Oh ! très bien !… Alors je vous proposerai de la brique de Bourgogne.
Justement, Champbaudet était de la Bourgogne.
Et puis c’est gentil, c’est riant ! Comme mausolée, c’est ce qu’on fait de plus gai dans ce moment.
Voilà mon affaire ! Et… quel serait le prix ?
Douze cents francs !
Ah ! c’est trop cher !
Encore !
Mon mari était un homme simple… économe… avare même, (S’attendrissant tout à coup.) Ah ! monsieur Paul, il m’a rendue bien malheureuse… allez !
Il n’y est plus ! consolez-vous !
Si vous saviez ! Je ne pouvais pas garder de cuisinières.
Il était difficile sur la nourriture ?
Non ; il était coureur, emporté !… infidèle !…
Très bien ! il fallait me dire ça plus tôt ! Nous lui offrirons du moellon de Nanterre à treize francs le mètre…
Cube ?
Cube ! (À part.) Je n’entends plus marcher là-haut… il doit être parti.
Nous en recauserons, monsieur Paul… Je ne suis pas encore décidée.
Oh ! quand vous voudrez… Je ne suis pas pressé…
Cela ne vous dérange donc pas, de venir ainsi tous les jours chez une pauvre veuve ?
Au contraire, cela m’arrange… parce que…
Parce que ?…
J’éprouve un plaisir infini à me rencontrer avec un esprit aussi charmant que le vôtre.
Ah ! monsieur Paul… (À part.) Il va oser !
Plaisir qui s’augmente encore, s’il est possible…
Ah ! monsieur Paul !
Par la considération respectueuse qui est due à l’honorabilité de votre caractère… imposant.
Ah !… (À part.) Il n’ose pas !
Aglaé doit être seule… Impossible de m’en assurer.
Monsieur Paul… je le vois bien… vous manquez de confiance en moi !
Elle me gêne… il faut la renvoyer !
Vous me croyez le cœur sec… c’est une erreur… J’ai encore là… des trésors d’illusions.
J’ai mon moyen !
Vous me comprenez… car vous êtes artiste.
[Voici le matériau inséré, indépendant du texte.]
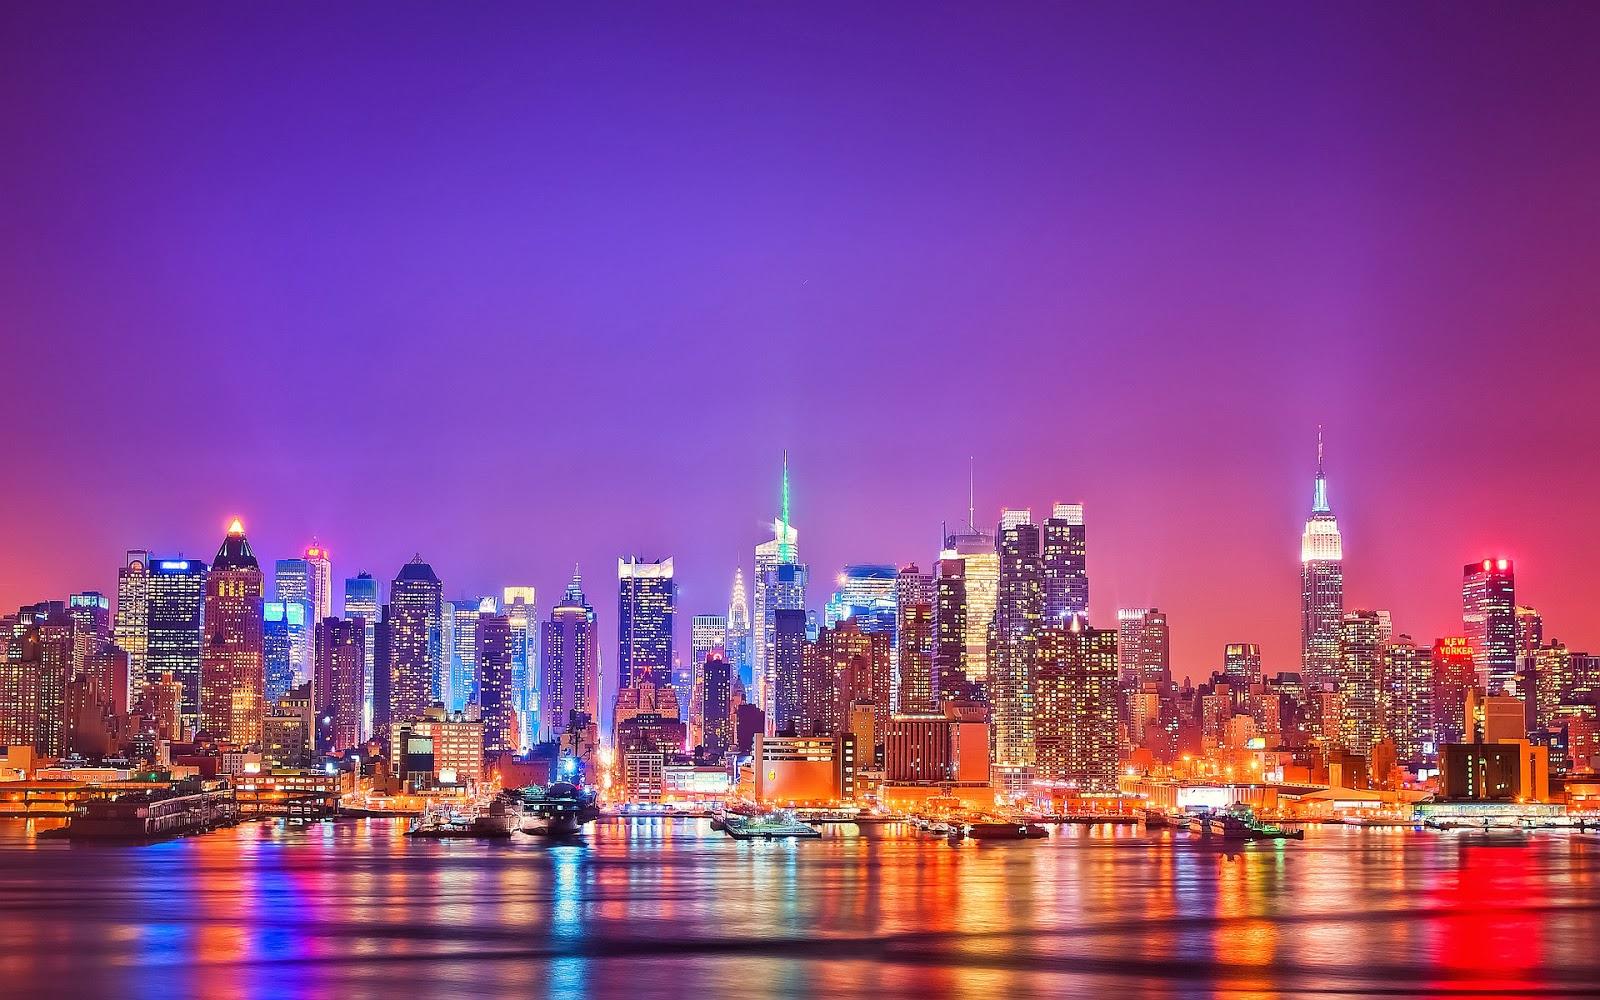 New York City HD WallpapersPics   HD Wallpapers Blog 1600x1000

Architecte !… et, à ce titre, voulez-vous me permettre une légère observation sur l’édifice de votre coiffure ?
Mon bonnet rose !… Comment le trouvez-vous ?
À vous parler franchement, je préférais celui que vous portiez hier !
Mon bleu ?
Précisément ; le bleu, c’est la couleur du ciel !
Oh ! je vais le mettre !… je vais le mettre !… Attendez-moi, Paul… (Se reprenant.) monsieur Paul, (À part.) De la tenue ! de la tenue !
Elle entre dans sa chambre, à droite.
Tacarel, seul. Il tire de sa poche une petite trompette de marchand de robinets.
Avertissons bien vite Aglaé de ma présence… Elle demeure au-dessus… au troisième… (Il met la trompette à sa bouche et la retire.)